Villa Gelsomino / Santa Margherita Ligure

An 18th-century villa, Art Nouveau details and 5 sea-view suites, with original frescoes and Genoese grit floors. Villa Gelsomino is the project of three friends, who transformed the house into a boutique hotel reserved for adults only. The structure uses green energy, is plastic-free, and compensates for C02 emissions by planting trees around the world. You stay among a few guests and in the quiet, on request, there are private yoga and pilates lessons and you get around with electric scooters and e-cycles.

Gallicantu / Luogosanto (Sassari)

They are the new refuges for travelers who have already experienced everything; the pens, the rural settlements where the animals are rounded up, in the Sardinian Gallura are small treasure properties, created among the blocks of granite, sheltered from the confusion of the coast (but the beaches are always short range). Gallicantu, a micro-resort revisited by architect Jean Claude Lesuisse, with just five rooms and two suites, is close to Luogosanto (its name comes from the 22 country churches in the area), Tempio, where Fabrizio De André had chosen to live, and the beautiful Aggius, which is part of the authentic villages of Italy. If you wish, instead of reaching the Costa Smeralda, you can stop by the pool, among the olive trees. There is also a wellness area with sauna, Turkish bath, emotional showers.

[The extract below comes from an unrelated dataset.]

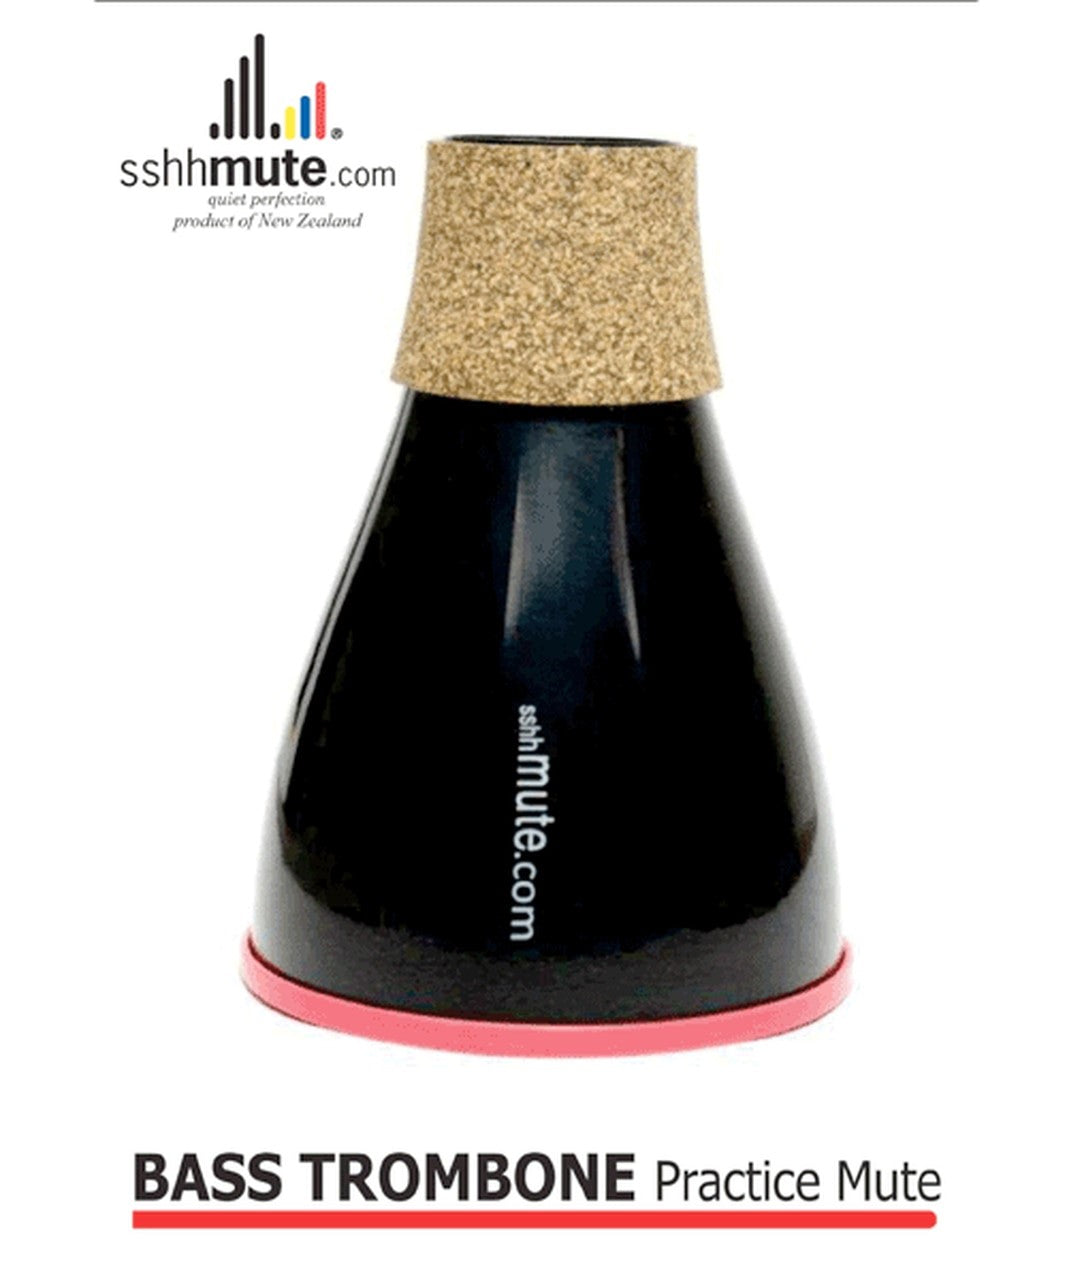 sshhmute for Bass Trombone Practice Mute - Premium Bass Trombone Mute from sshhmute - Just $69.99! Shop now at Poppa's Music

The pre-nuragic cave of the property is instead intended for the tasting of wines, cold cuts and cheeses.

Cape of Senses / Torri del Benaco (Verona)

55 lake view suites, three swimming pools, one of which is sports and two infinity, adults-only Spa, with fitness and yoga platforms, two restaurants, a 15,000-metre property among the retreats in Italy that will make headlines in 2023 is the Cape of Senses, which will open in July in Albisano, above Torri del Benaco, on Lake Garda. Designed by Hugo and Alessia Demetz, the hotel will be an oasis where you can stay for three days or more: upon request, you can sleep in a mobile structure, in direct contact with the stars. Two restaurants, At sunset, with gourmet à la carte cuisine, and La Pergola, with traditional cuisine served on the panoramic terrace.